Я нахожусь в конце высокой березовой аллеи; направляюсь к площадке, окружающей дом, на которой в хорошую погоду происходят семейные трапезы, и вдруг вижу перед собой Толстого. Он поднялся с шезлонга, на котором лежал,— и вот он передо мной; он стоит, слегка опираясь на трость, протягивает мне руку, поздравляет с благополучным прибытием и сам представляет меня своей дочери Марии Львовне, с которой я еще не был знаком, своему зятю, князю Оболенскому, доктору, который лечил его с самого начала болезни, а теперь, вполне успокоившись, собирался вернуться в Москву.

Лев Николаевич похудел; черты лица его заострились; морщины, бороздящие лоб, стали глубже, спина сгорбилась, плечи, побежденные приступами удушья, как будто немного сузились1. Но в целом его фигура не изменилась: походка осталась такой же легкой, удивительно мягкой и четкой; в руках с тонкими запястьями ни малейшей дрожи; глаза, «маленькие бесцветные глаза, глубокие и подвижные», по-прежнему смотрят на вас прямо из-под густых, почти белых бровей; пожалуй, только голос — менее полный, менее уверенный — выдает семидесятитрехлетний возраст этого гиганта. Да, это человек, выздоравливающий после тяжелой болезни, но никак не старик…

Я еще не успел расспросить его о новостях, как он уже начал говорить о Франции, о наиболее видных писателях, о недавно появившихся французских произведениях. «Мне присылают много книг,— говорит он,—может быть, из числа тех, которые плохо распродаются. Я ищу шедевр и не нахожу его».
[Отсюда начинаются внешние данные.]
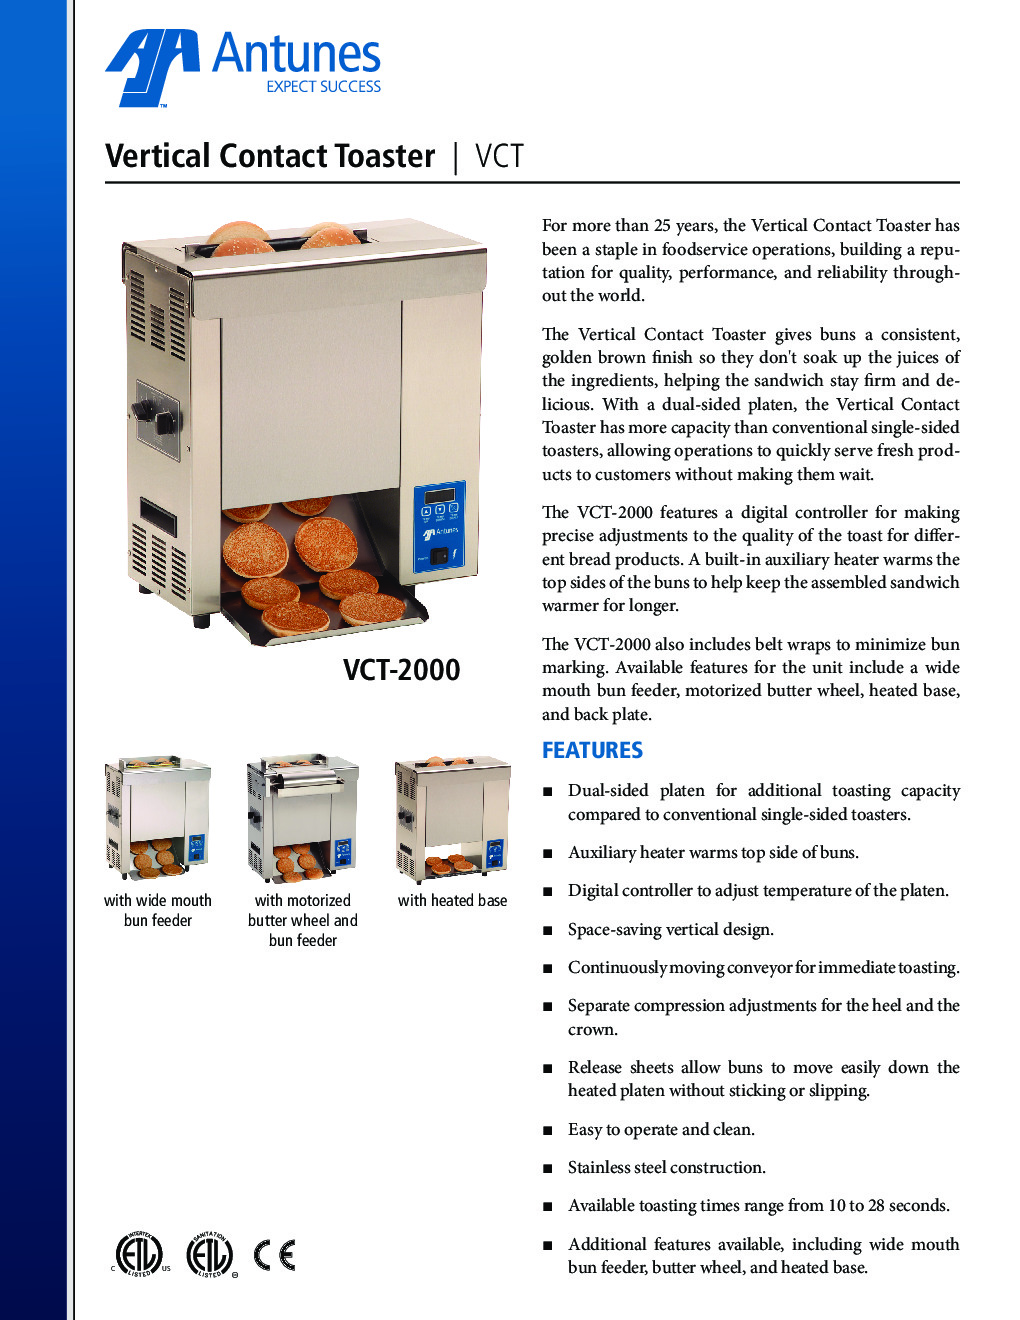 Antunes VCT-2000-9210123 Countertop Conveyor Type Vertical Contact Toaster

30 июля 1901 г. Вечером за чаем.

«Поговорим о вашей современной литературе,— говорит мне Толстой.— Мне в ней не все понятно. Очень часто она кажется мне лишенной специфически французских качеств, жара убежденности, пылких рассуждений, ясности.
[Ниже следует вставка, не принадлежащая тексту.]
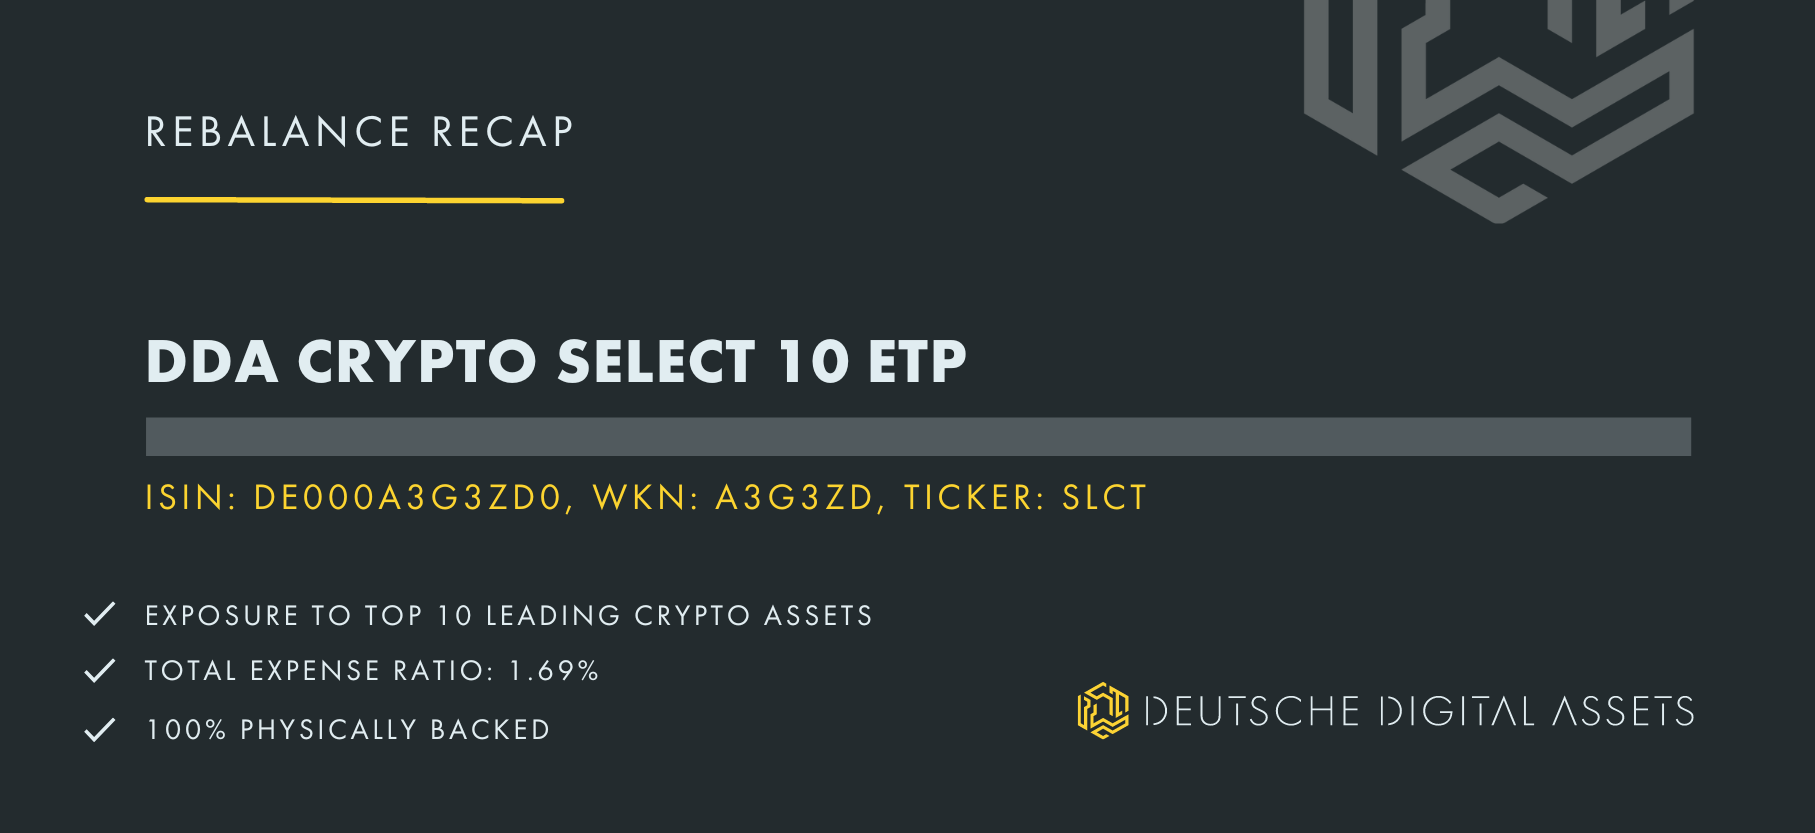 DDA Crypto Select 10 ETP Rebalance Recap

Ваши великие мастера восемнадцатого века — Вольтер, Дидро, Руссо — написали столько сильных страниц, прекрасных, полезных для всякого, моральных! Что такое после них ваши нынешние «философы»? Да, я знаю, они «кудесники молодежи»; конечно, они полны добрых намерений, и все, что они говорят, даже правдиво, но правдиво слишком банально; это банальные истины, которые уже много раз читаны, это мораль и социология, предназначенные для буржуа, не говоря уж о том, что у них нет ни малейшего таланта. Право же, я с большим интересом читаю сочинения социалистов2, особенно анархистов; можно с ними соглашаться или не соглашаться, но то, что они говорят, имеет по крайней мере то достоинство, что до них этого не было сказано.
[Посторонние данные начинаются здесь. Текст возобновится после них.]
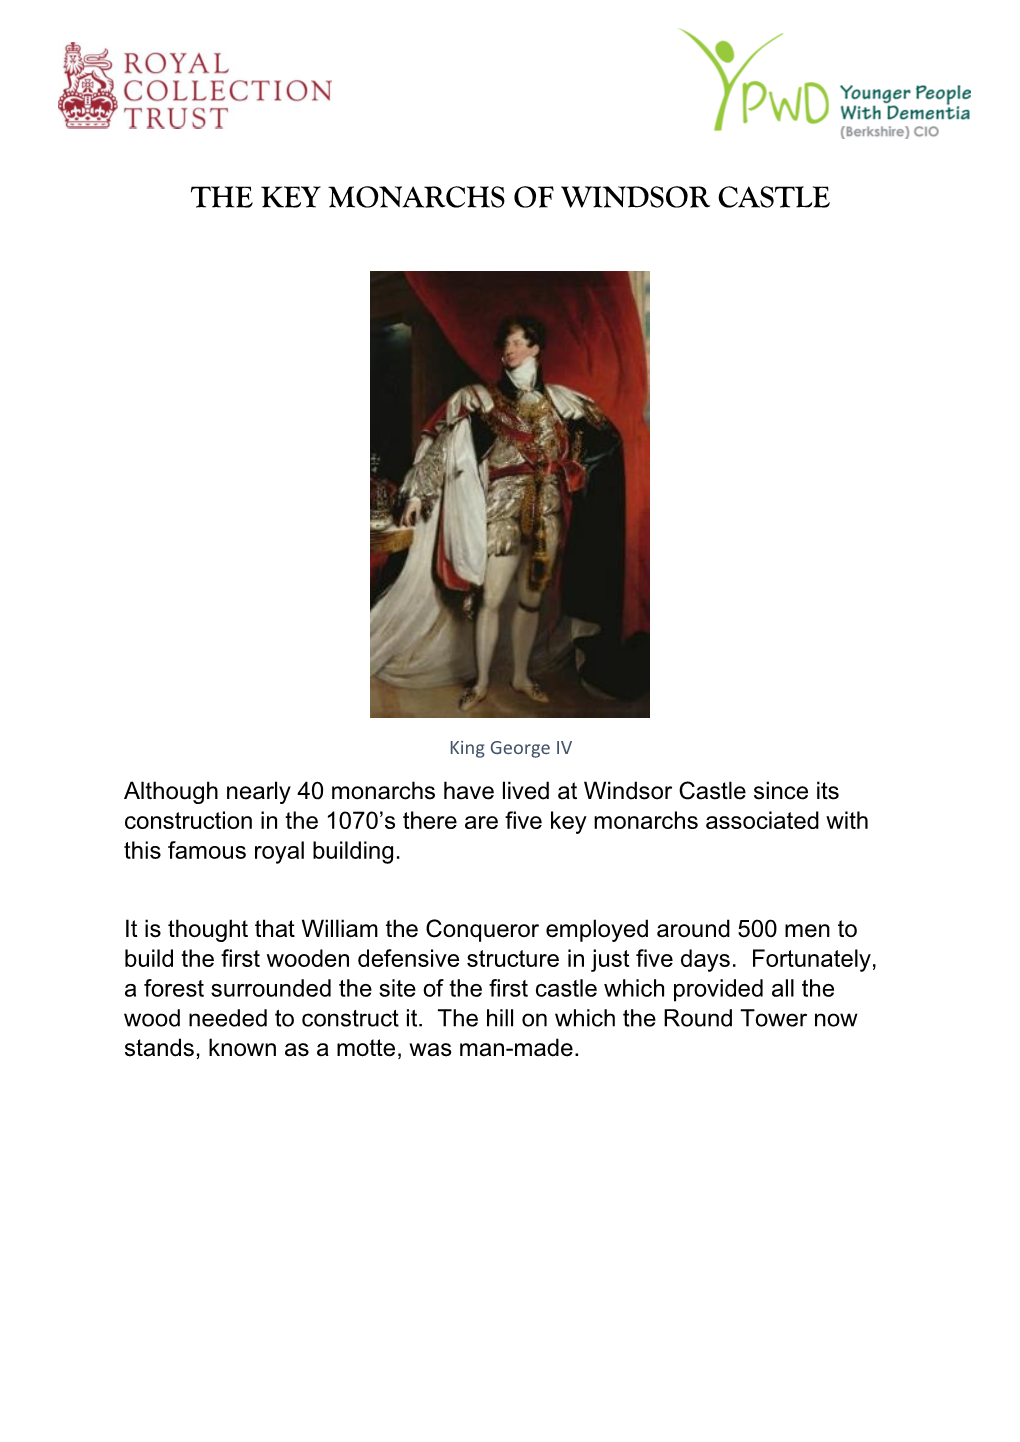 The Key Monarchs of Windsor Castle

Не удовлетворяют меня и ваши романисты. Какое мне дело до всех этих ничтожных рассказов о скучающих дамах, о господах, которые сами не знают, любят они или нет? Вы пишете к тому же слишком много романов! Ведь это так просто—написать роман! Надо бы предоставить эту забаву министрам в отставке… Недавно мне рассказывали об одном очень милом молодом человеке, который, говорят, неплохо играет на виолончели; и вот он вздумал написать роман, большой роман для одного из ваших «молодых» журналов. А роман вышел из рук вон плохой. Другой лет пятнадцать тому назад начал двумя томами хороших критических работ; но и ему захотелось писать романы! Неужели не нашлось никого, кто бы сказал ему, что это не его дело?..

Я хотел бы также поговорить с вами о ваших поэтах. Но что вам сказать о них? Я ничего не понимаю. Иметь Виктора Гюго, Мюссе, Ламартина и восхищаться теперешними! Нет, я ничего не понимаю, ничего!»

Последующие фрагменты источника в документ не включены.